Now have your students apply what they've learned about logical reasoning to their own persuasive paragraphs. Topics to consider might be adopting healthy diets, getting regular exercise, or the importance of environmental stewardship.

Now let's move on to the last of our persuasive writing activities. Of the elements of persuasive writing, this creative writing activity gives your students practice in appealing to a target audience.

Activity Four: Analyzing Different Viewpoints

Although the primary goal of persuasive writing is to bring an "undecided" audience around to the writer's viewpoint, a secondary goal (and more difficult to achieve) is to convince a "decided" audience audience to "switch sides." In this case, the first step is to understand why the target audience holds that opinion. With your class, make a list of debatable questions. Here are some examples:
  • Should schools have a no-homework policy?

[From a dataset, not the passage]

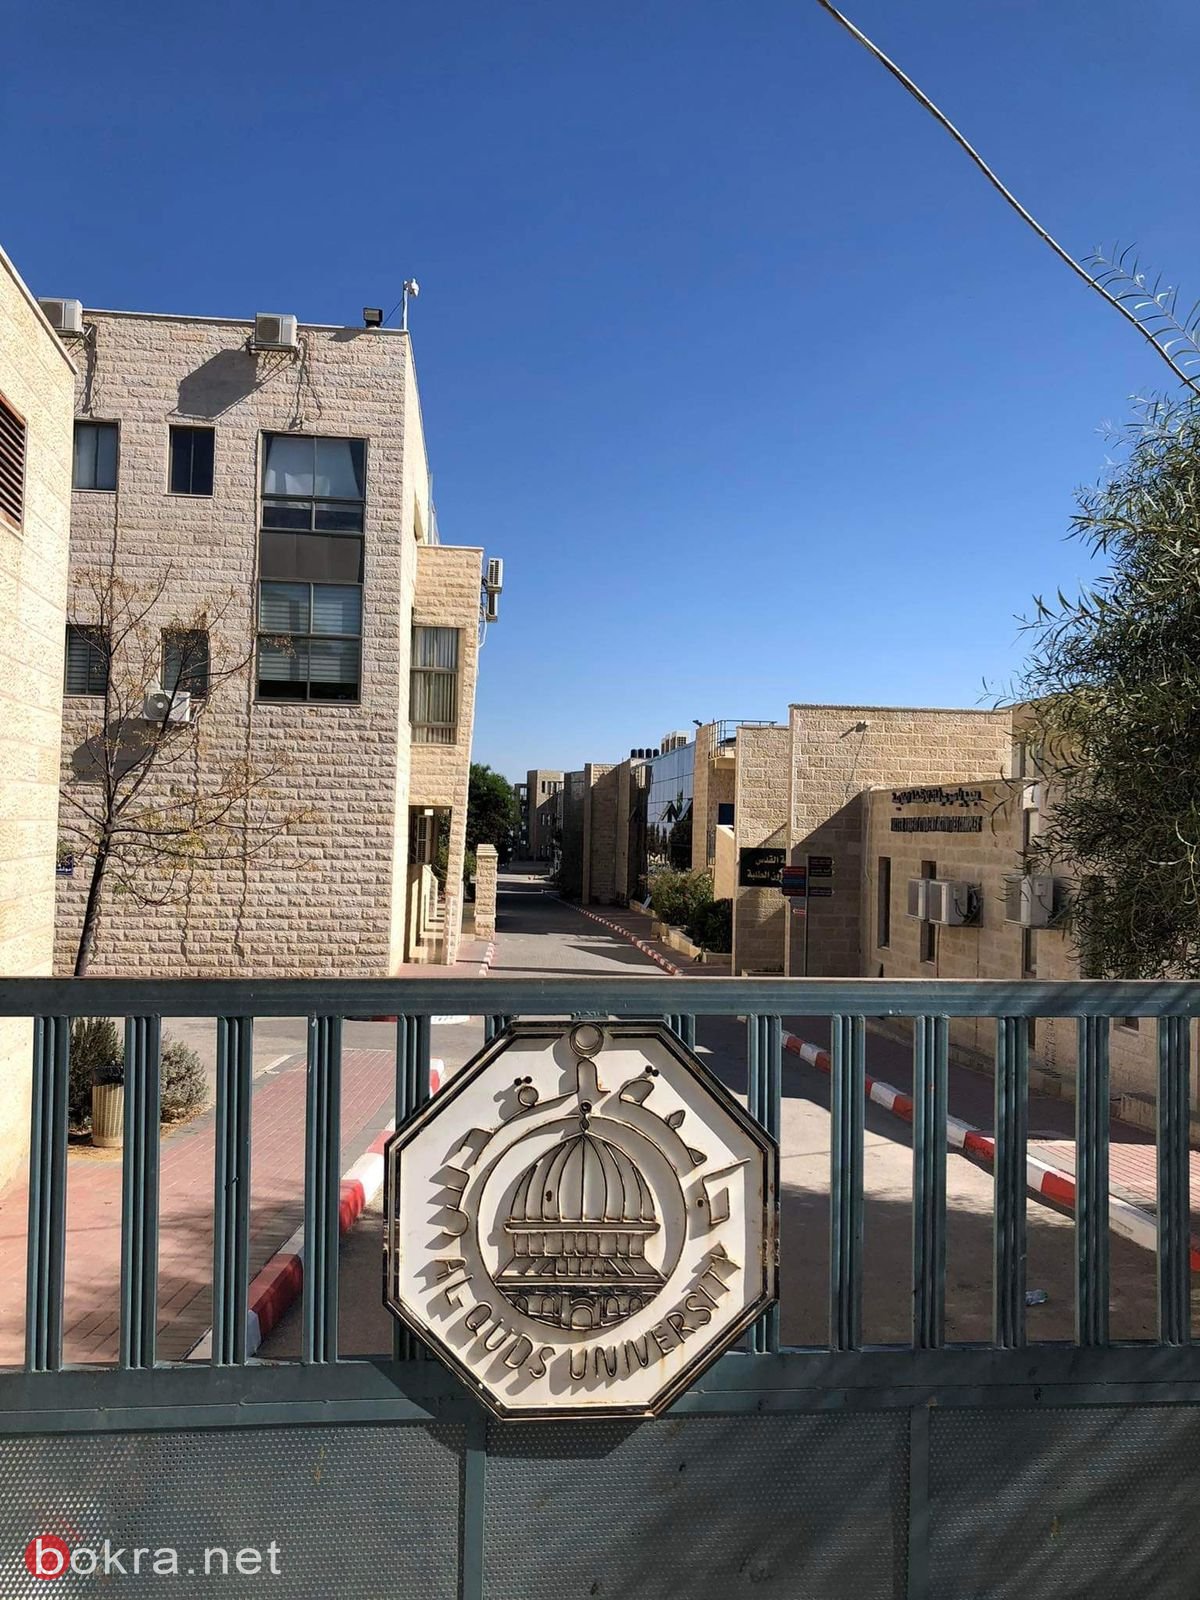 بالصور: جامعة القدس ابو ديس خاوية على عروشها-7
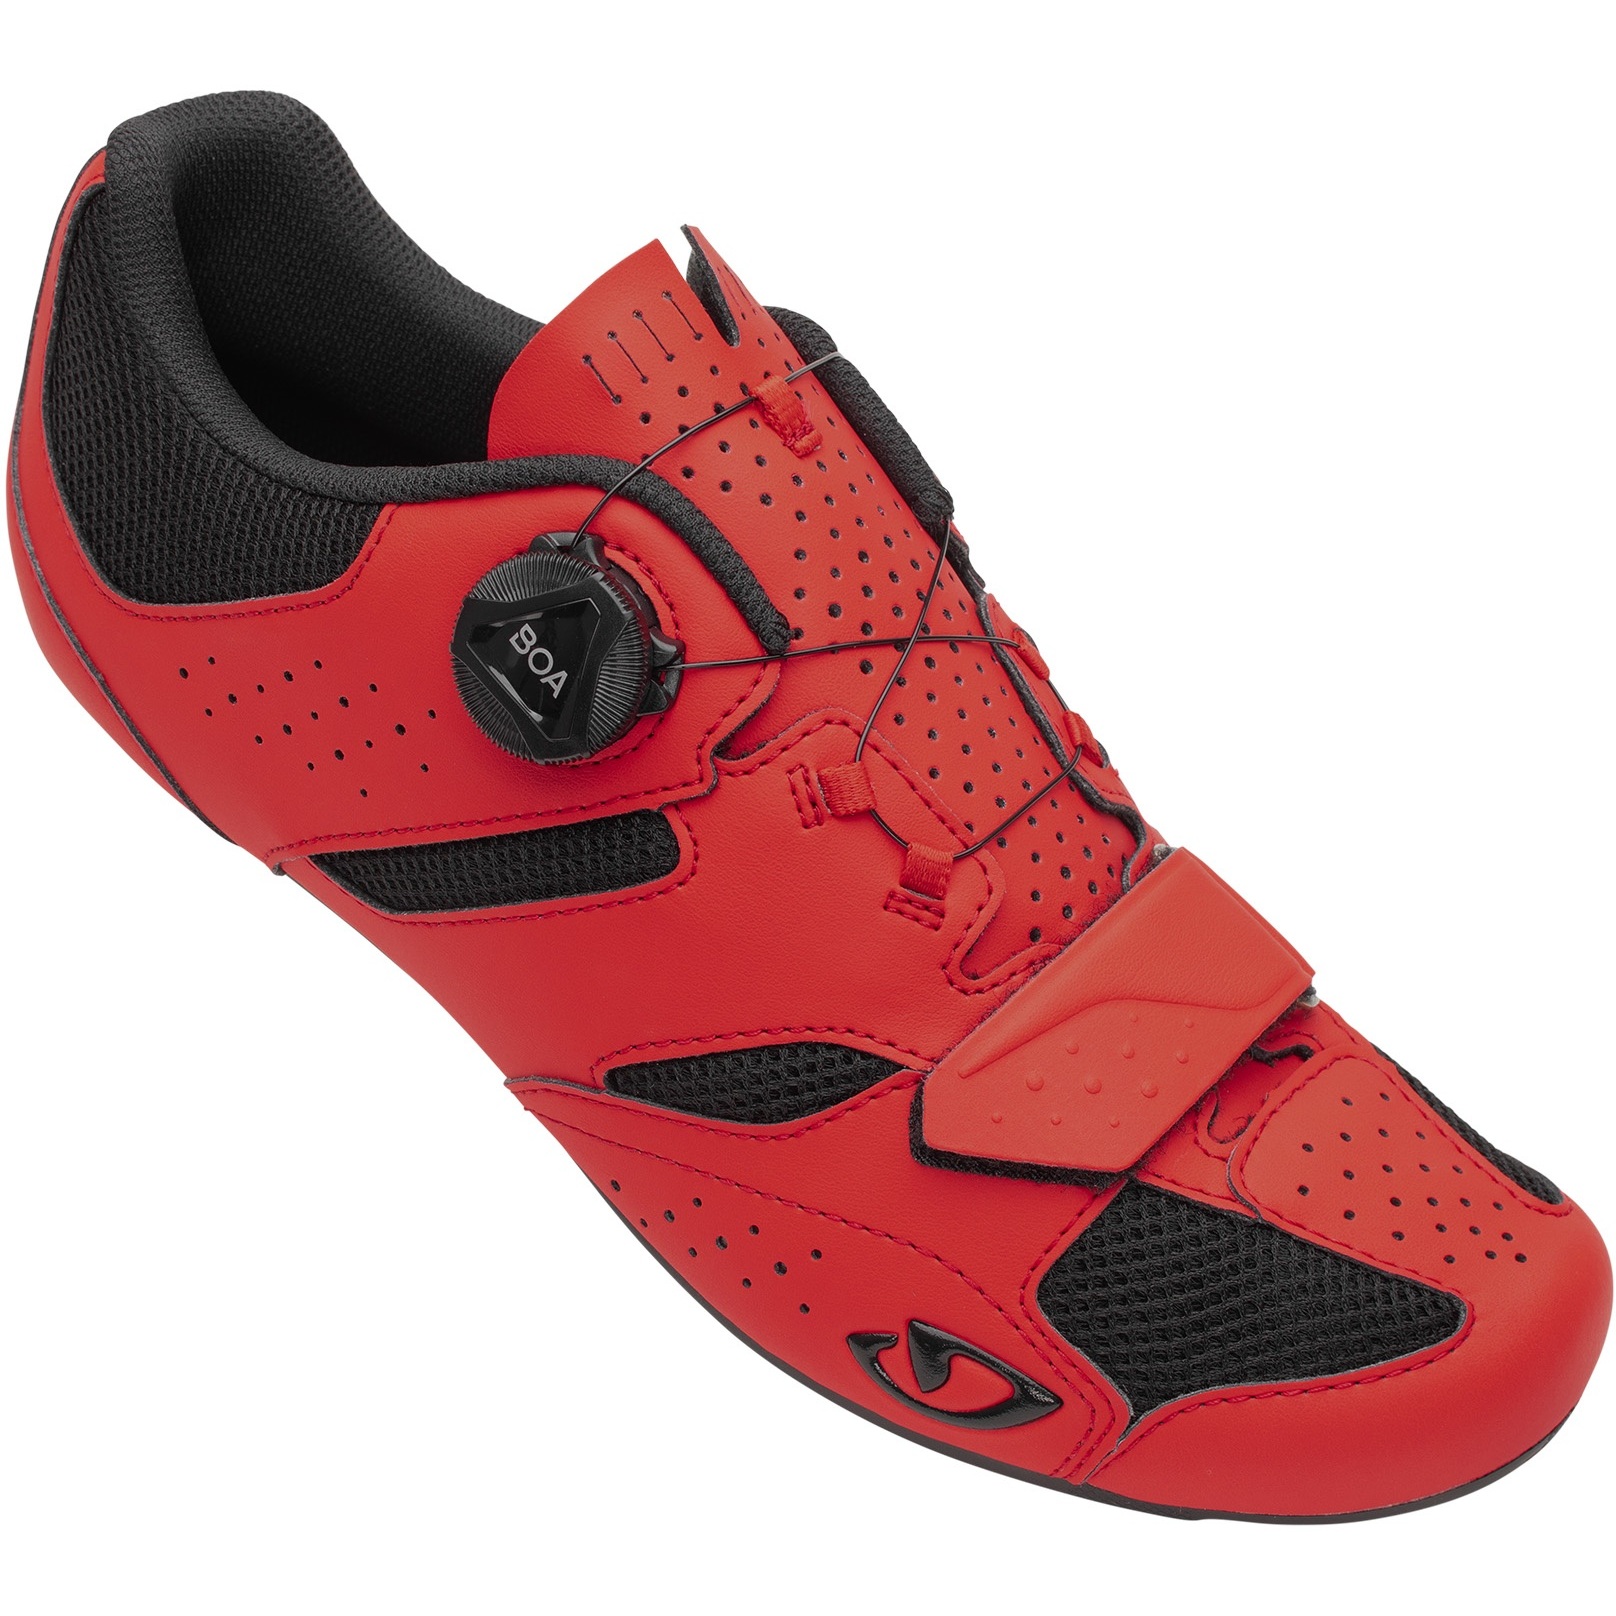 Produktbild von Giro Savix II Rennradschuhe - bright red

  • Should all students be required to learn a foreign language?

  • Should students be allowed to skip grade levels if their school work is exceptional?

Now discuss what it means to be objective: to consider all the angles that relate to a topic without stating any personal opinions. Select a question and together list reasons that support both affirmative and negative answers. Keep the same number of reasons in each list. Here's an example:

Do snack and soda machines belong in school cafeterias?

  • Yes:(1) Kids get hungry during afterschool club meetings and sports practices and need a place to get snacks.(2) Visitors to the school campus might appreciate snack and drink machines.

  • No:(1) Most vending-machine food is not nutritious. (2) There may be more litter on the school grounds from carelessly discarding wrappers and bottles.

Create additional debatable questions for your students. Ask each student to select a question and objectively analyze the viewpoints surrounding that question. Strive to list the same number of affirmative and negative reasons. Share and discuss these lists as a class. Get ready for some lively debates!

From fairy tale characters to current issues, I hope these activities have helped introduce the elements of persuasive writing to your kids in an approachable, hands-on way! Enjoy writing persuasively in your creative writing classes!